Leukodystrophies and other hereditary leukoencephalopathies comprehensive panel [142 genes]

Leukodystrophies are a heterogeneous group of inherited disorders that affect the white matter of the central nervous system (CNS), regardless of the involved structural component, affected molecular processes, disease progression, or whether the peripheral nervous system is also affected. Numerous inherited conditions also affect white matter secondarily; these are known as genetic or inherited leukoencephalopathies. Thus, while primary leukodystrophies mainly affect glial cells, inherited leukoencephalopathies are disorders with primary neuronal, vascular, or systemic involvement in which changes in white matter are considered secondary. Therefore, although all leukodystrophies can be considered inherited leukoencephalopathies, not all inherited leukoencephalopathies are leukodystrophies.

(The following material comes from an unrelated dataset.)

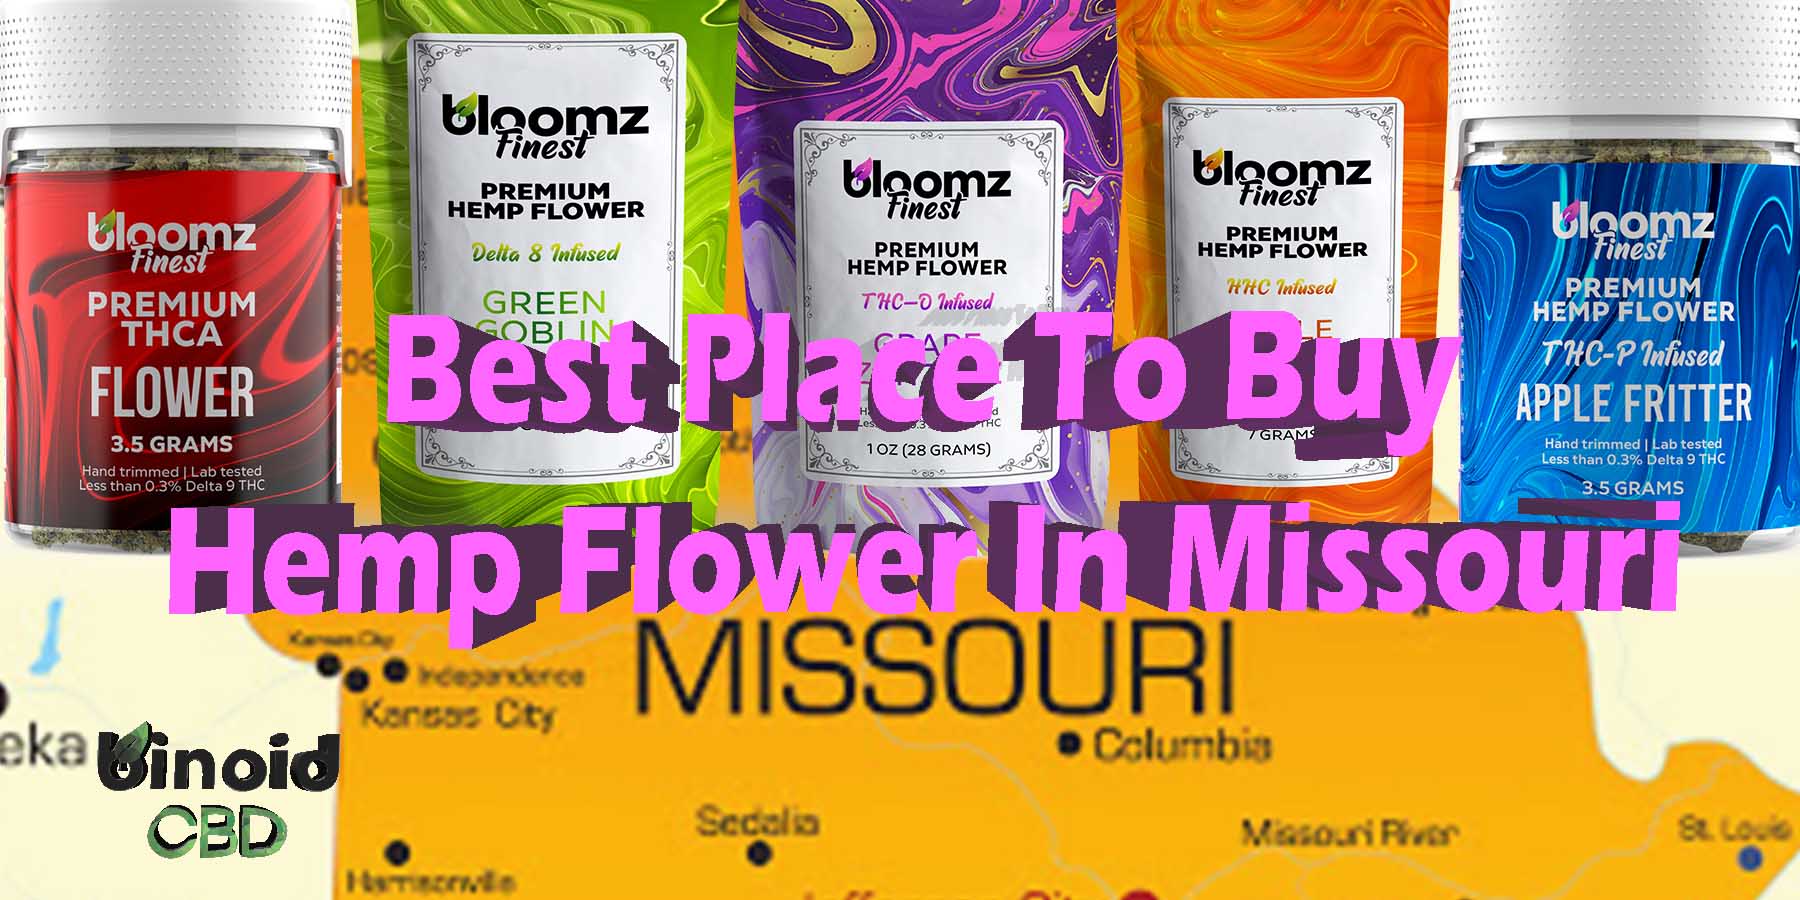 Buy Hemp Flower Missouri Rolls Get Online Near Me For Sale Best Brand Strongest Real Legal Store Shop Reddit
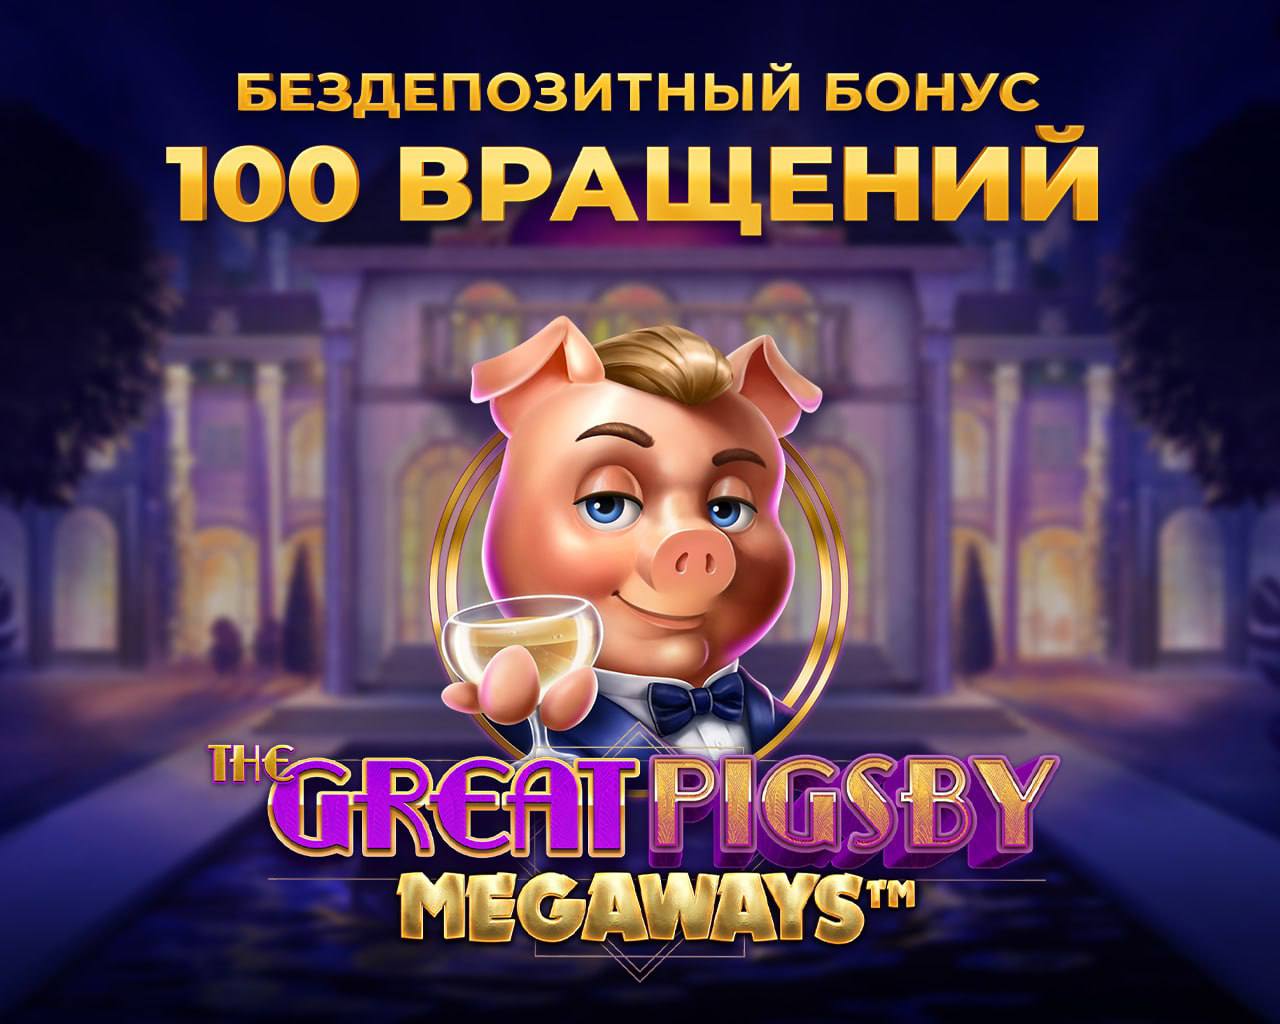 Вавада рабочее зеркало 37. Great PIGSBY 100 вращений. The great PIGSBY megaways. 100 Вращений great PIGSBY megaways за регистрацию. Свинья Вавада great PIGSBY megaways.

These two groups of diseases include pathologies with onset from the neonatal period to adulthood, and, although each disease can have different characteristics, all of them show white matter abnormalities on magnetic resonance imaging (MRI) or CNS pathologies, and movement disorders usually dominate the clinical picture, particularly in younger individuals. Due to their complex diagnosis, the true prevalence and incidence of leukodystrophies as a group is difficult to establish, and combined incidence is estimated to be between 1/50 000 and 1/7,663 live-born infants. Generally, early recognition of a leukodystrophy can be complicated, since they are often insidious and clinically heterogeneous, and therefore usually not considered until abnormalities are detected on MRI. Even then, due to the limited knowledge on their etiology, they can go undiagnosed or be incorrectly diagnosed. While advances in pattern recognition in neuroimaging have improved diagnostic yield, current treatments are limited, and a definite diagnosis is essential for the correct management of symptoms, prognosis, and genetic counseling.